As a strange blackness I couldn't recognize as nightfall began to fade out the color of my sights, a figure moved hesitantly over to me, a curious caution to each and every single step that made me smile against the hurt. Why was this human so unafraid? What made this encounter less frightful than all the others I'd had with humans? Why was this boy, like Mrs. Kamiya, curious enough to withstand their fears? I'd no idea humans were capable of such an accomplishment…

I felt the being's tender touch on my forearm, shaking me lightly as a soft tone suddenly erupted from his mouth, "Dude…are you some kind of whacked-out Digimon or something? I don't think even Tai has seen something quite as…darn it! Izzy! Where are you when I need a good word? But…uhh, you don't looks so good…" This voice was even more different than the calmness of Mrs. Kamiya, and she'd even known that I was technically a murderer. This was a gentleness that no part of me ever remembered being in contact with before. And the warmth of his hand…how could something feel so…superior to everything—

I let out a loud cry again as he began to pick me up, his hands pressing against the exact spot the pain was still lingering in, making it that much worse. I bit my tongue and let my head hang limply to the side; I didn't feel the strength to hold it up anymore, and the knowledge that more discipline was going to be coming soon didn't help.

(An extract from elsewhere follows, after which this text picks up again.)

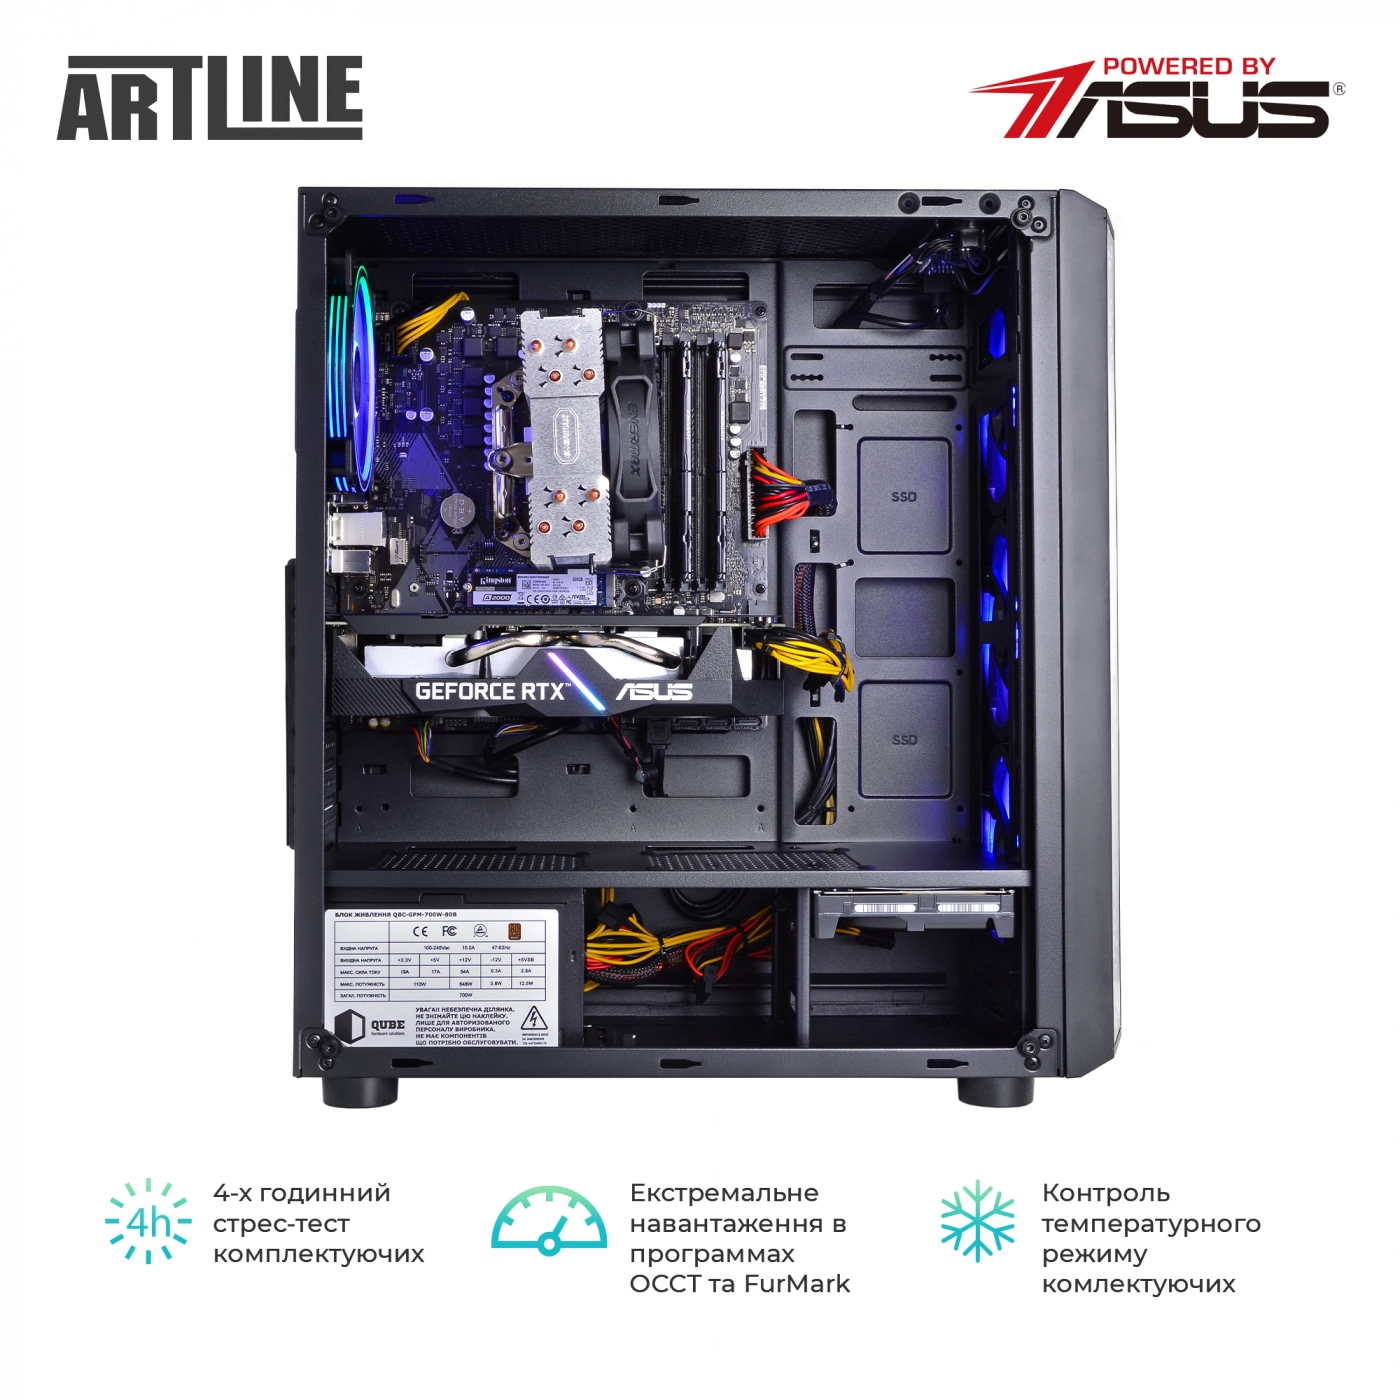 Купить Компьютер ARTLINE Gaming X55v32 - фото 8

But the knowledge and vision of this new, strange being kept me awake and away from the numbness of unconsciousness, and my want of learning who this stranger was kept my eyes somewhat open. Staring at this human, my eye suddenly twitched with a well-hidden excitement; the way this human smelled, the way he looked, and even the way he walked told me that he was a DigiDestined. And the owner of the weakness-bringing scent.